Tuesday, October 06, 2009

Jiangxi


"In Wuyuan," my middle school conversationalist informs me as I slurp fried rice noodles for dinner, "many people say that the sky is blue and the water is clear."

This information may once have been true, but is surely at least 50 years out of date. Nowadays, as any fule kno, nowhere in eastern China is the sky blue or the water clear.

The day's main event was a flying visit to Jiangwan. The houses in the all other villages on the road were low, old, dark and pre-modern, but in Jiangwan, everything is tall, new, and freshly-painted. Everything is in straight lines and the people are dressed smartly. The reason for this is announced on a banner at the far end of the village: "Welcome the tourists both at home and abroad to come to visit Jiangwan, the ancestral home of the President Jiang Zemin".
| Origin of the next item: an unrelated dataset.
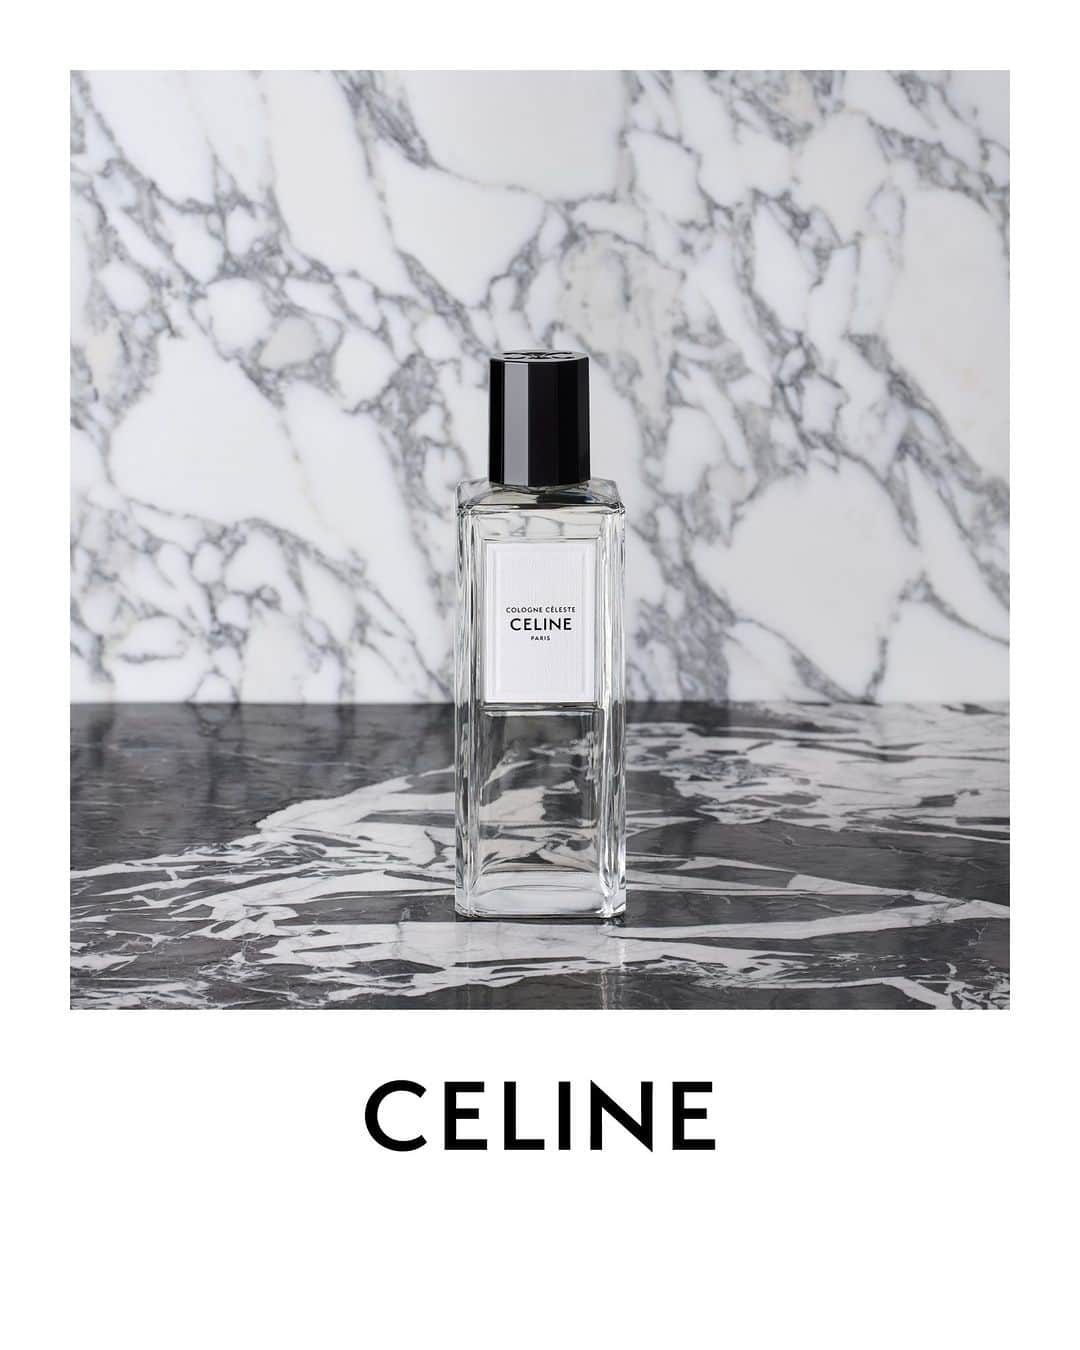 Celineのインスタグラム：「CELINE HAUTE PARFUMERIE  CELINE INTRODUCES COLOGNE CÉLESTE, AN ESSENTIAL COMPOSITION IN PERFUMERY, REINTERPRETED BY HEDI SLIMANE. THIS EAU DE COLOGNE, SIMULTANEOUSLY UNIVERSAL AND COMFORTING, COMES WITH THREE PRODUCTS TO ENRICH THE BATH AND BODY COLLECTION INITIATED BY THE SOLID SOAPS IN JUNE 2023. HIGHLY PERFUMED, EACH ONE FAITHFULLY RECAPTURES COLOGNE CÉLESTE’S OLFACTORY SIGNATURE:  -L’HUILE CÉLESTE – PERFUMED OIL FOR BODY AND HAIR -LE LAIT CÉLESTE POUR LE BAIN – PERFUMED BATH MILK -LE SAVON SOLIDE PARFUMÉ – PERFUMED SOLID SOAP   NOTES: ANGELICA, SWEET LEMON ESSENCE, PETITGRAIN, NEROLI, AMBRETTE BUTTER AND ORRIS BUTTER.  COLLECTION AVAILABLE IN STORE AND ON CELINE.COM  @HEDISLIMANE PHOTOGRAPHY   #CELINEHAUTEPARFUMERIE #CELINEBYHEDISLIMANE」
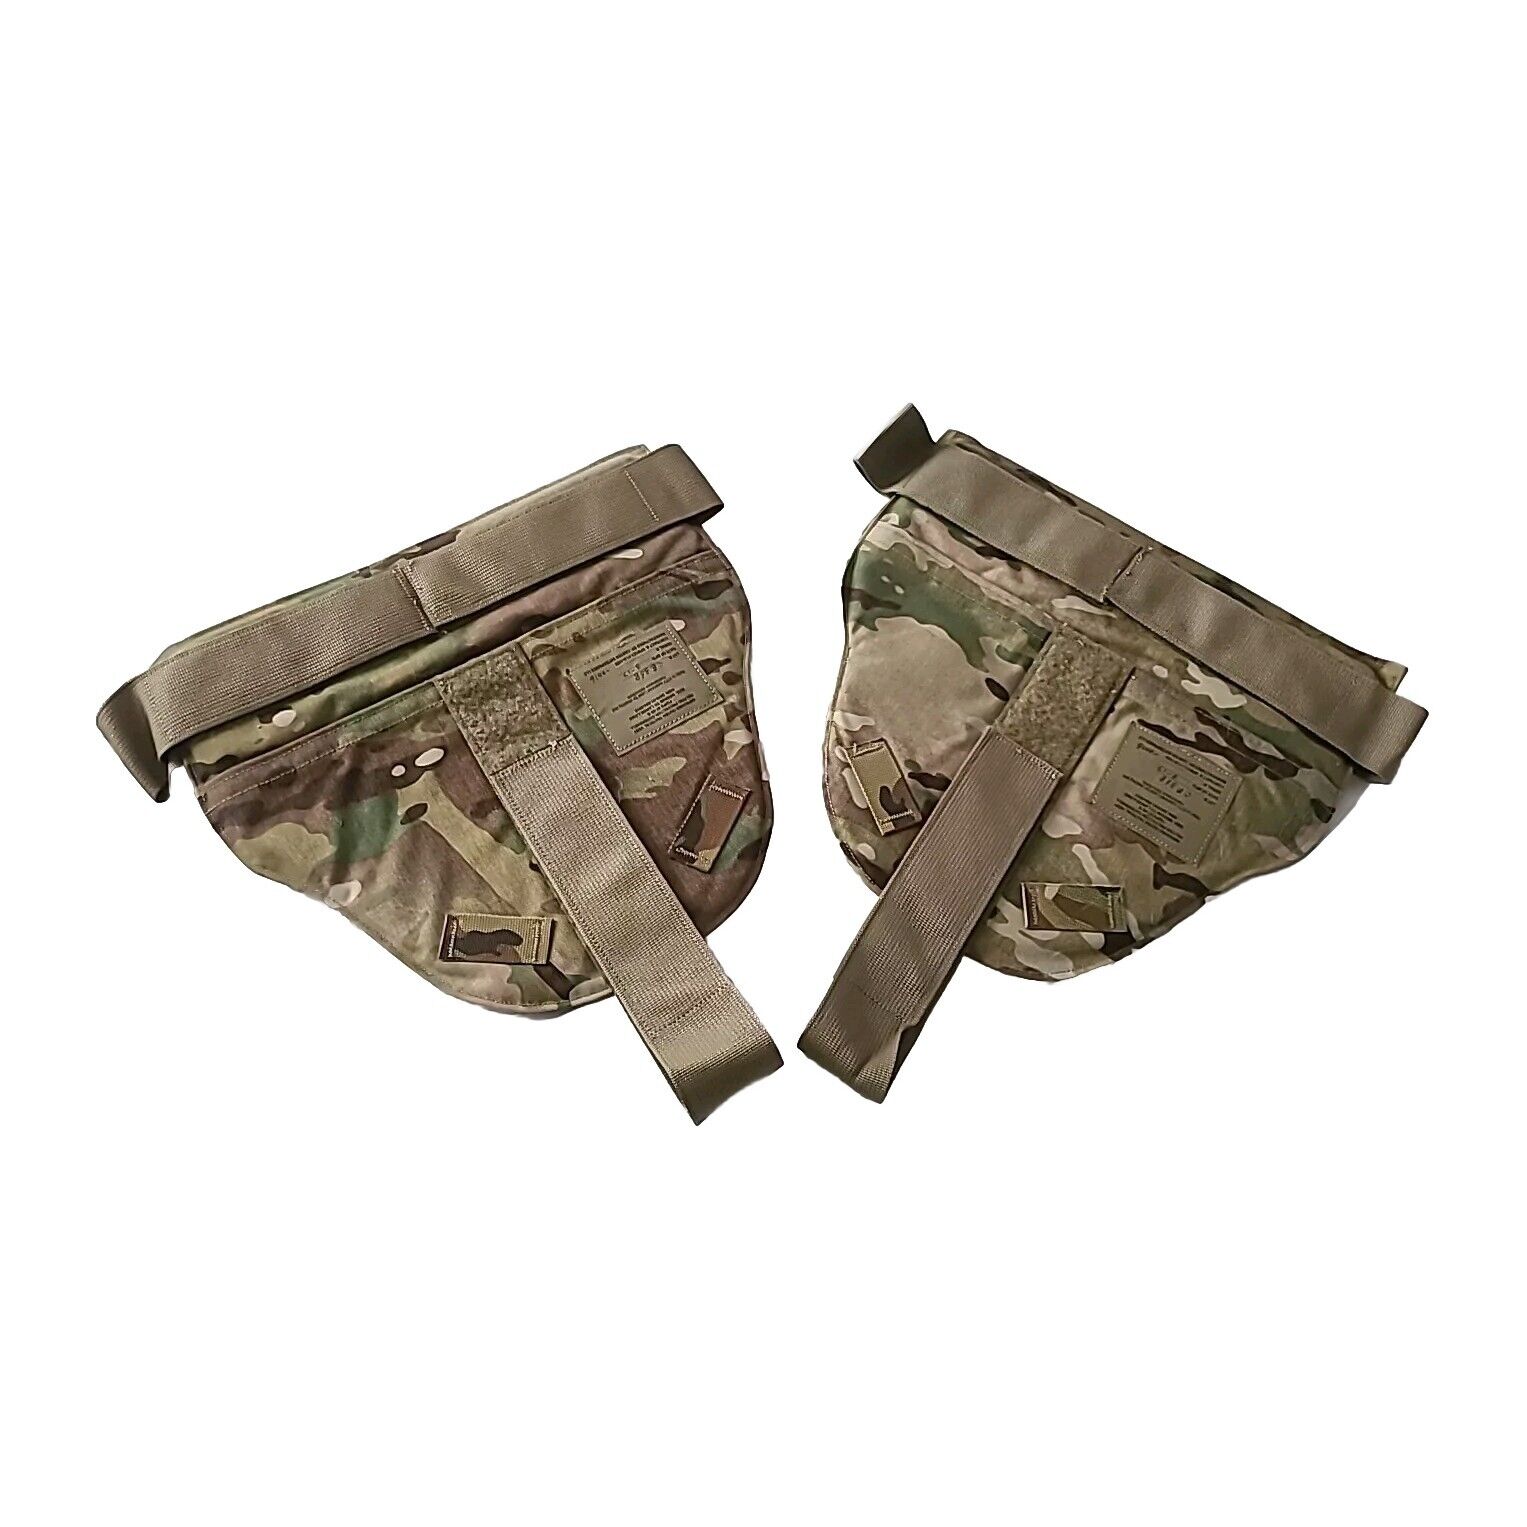 2 Deltoid Protector Outer Tactical Vests MEDIUM to LARGE Multicam OCP

There is a tarted-up high street that you can walk down, if you want (though this will cost you 50 yuan), and buy Jiang Zemin themed keyrings. About 25 girly guides are hanging around the entrance, waiting to show people round. This morning there were no paying customers. Perhaps when JZM goes up to the big Jiangwan in the sky they'll do better business. I doubt it though. Jiang is never going to be a folk hero like Mao, for all his Three Represents.

It's a pretty valley with rice crops in various stages of planting, growing and harvesting. All around are sharp, sheer wooded mountains; in the fields, t-shirts and hats on sticks scare away the birds. Huge water-buffalo wallow in streams.

A man ploughs his field with buffalo, shouting commands as he turns his single furrow. What does the buffalo think? Does he understand the point of ploughing? Why does he consent to walk up and down all day? Does he think that human beings have some pretty strange ways of having a good time?

There are praying mantises and bats, dead on the road, and little bright green snakes. I wonder: if there are this many dead snakes, how many live ones must there be out there? Later, I see a biggish one, grey brown, limping off the road at the sight of me, if snakes can be said to limp.